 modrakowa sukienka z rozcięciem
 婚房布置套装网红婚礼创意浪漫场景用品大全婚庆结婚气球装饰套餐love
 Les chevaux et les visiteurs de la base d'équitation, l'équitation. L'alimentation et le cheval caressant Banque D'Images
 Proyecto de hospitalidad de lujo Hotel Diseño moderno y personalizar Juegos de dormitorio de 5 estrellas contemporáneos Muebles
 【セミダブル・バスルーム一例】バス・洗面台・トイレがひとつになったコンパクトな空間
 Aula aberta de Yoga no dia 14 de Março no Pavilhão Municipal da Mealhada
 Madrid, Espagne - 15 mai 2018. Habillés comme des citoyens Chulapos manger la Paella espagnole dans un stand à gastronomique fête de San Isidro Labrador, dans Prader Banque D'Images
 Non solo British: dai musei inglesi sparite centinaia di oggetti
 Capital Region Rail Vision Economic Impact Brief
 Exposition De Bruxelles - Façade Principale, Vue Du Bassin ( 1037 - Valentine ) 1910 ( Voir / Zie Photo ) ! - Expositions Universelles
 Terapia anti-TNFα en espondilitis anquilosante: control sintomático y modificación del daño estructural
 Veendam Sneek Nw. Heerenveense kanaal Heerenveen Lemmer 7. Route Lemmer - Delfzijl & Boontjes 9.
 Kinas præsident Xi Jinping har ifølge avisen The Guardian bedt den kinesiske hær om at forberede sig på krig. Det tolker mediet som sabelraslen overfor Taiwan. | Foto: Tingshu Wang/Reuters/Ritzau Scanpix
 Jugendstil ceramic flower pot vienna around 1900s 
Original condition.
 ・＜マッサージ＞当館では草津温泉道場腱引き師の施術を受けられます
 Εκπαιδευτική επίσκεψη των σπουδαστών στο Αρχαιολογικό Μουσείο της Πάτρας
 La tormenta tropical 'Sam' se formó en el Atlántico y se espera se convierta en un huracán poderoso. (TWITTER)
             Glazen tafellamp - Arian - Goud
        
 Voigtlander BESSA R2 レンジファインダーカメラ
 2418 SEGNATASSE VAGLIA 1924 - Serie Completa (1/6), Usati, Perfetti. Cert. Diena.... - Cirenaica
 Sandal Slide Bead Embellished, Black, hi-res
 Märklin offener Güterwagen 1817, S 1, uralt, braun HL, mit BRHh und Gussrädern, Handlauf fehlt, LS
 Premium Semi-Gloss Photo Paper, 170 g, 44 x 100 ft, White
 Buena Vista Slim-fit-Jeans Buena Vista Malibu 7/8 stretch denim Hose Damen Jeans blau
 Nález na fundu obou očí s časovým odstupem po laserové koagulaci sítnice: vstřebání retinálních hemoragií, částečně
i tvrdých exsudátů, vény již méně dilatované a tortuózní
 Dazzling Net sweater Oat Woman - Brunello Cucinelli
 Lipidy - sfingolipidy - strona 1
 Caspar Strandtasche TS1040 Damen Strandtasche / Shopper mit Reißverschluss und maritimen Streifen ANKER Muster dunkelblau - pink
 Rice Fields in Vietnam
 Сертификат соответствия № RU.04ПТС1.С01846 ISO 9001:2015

● **Brief**
Lines that contain "Images" are the result; find them in the entries above and copy each one.

● **Solution for this problem**
 Les chevaux et les visiteurs de la base d'équitation, l'équitation. L'alimentation et le cheval caressant Banque D'Images
 Madrid, Espagne - 15 mai 2018. Habillés comme des citoyens Chulapos manger la Paella espagnole dans un stand à gastronomique fête de San Isidro Labrador, dans Prader Banque D'Images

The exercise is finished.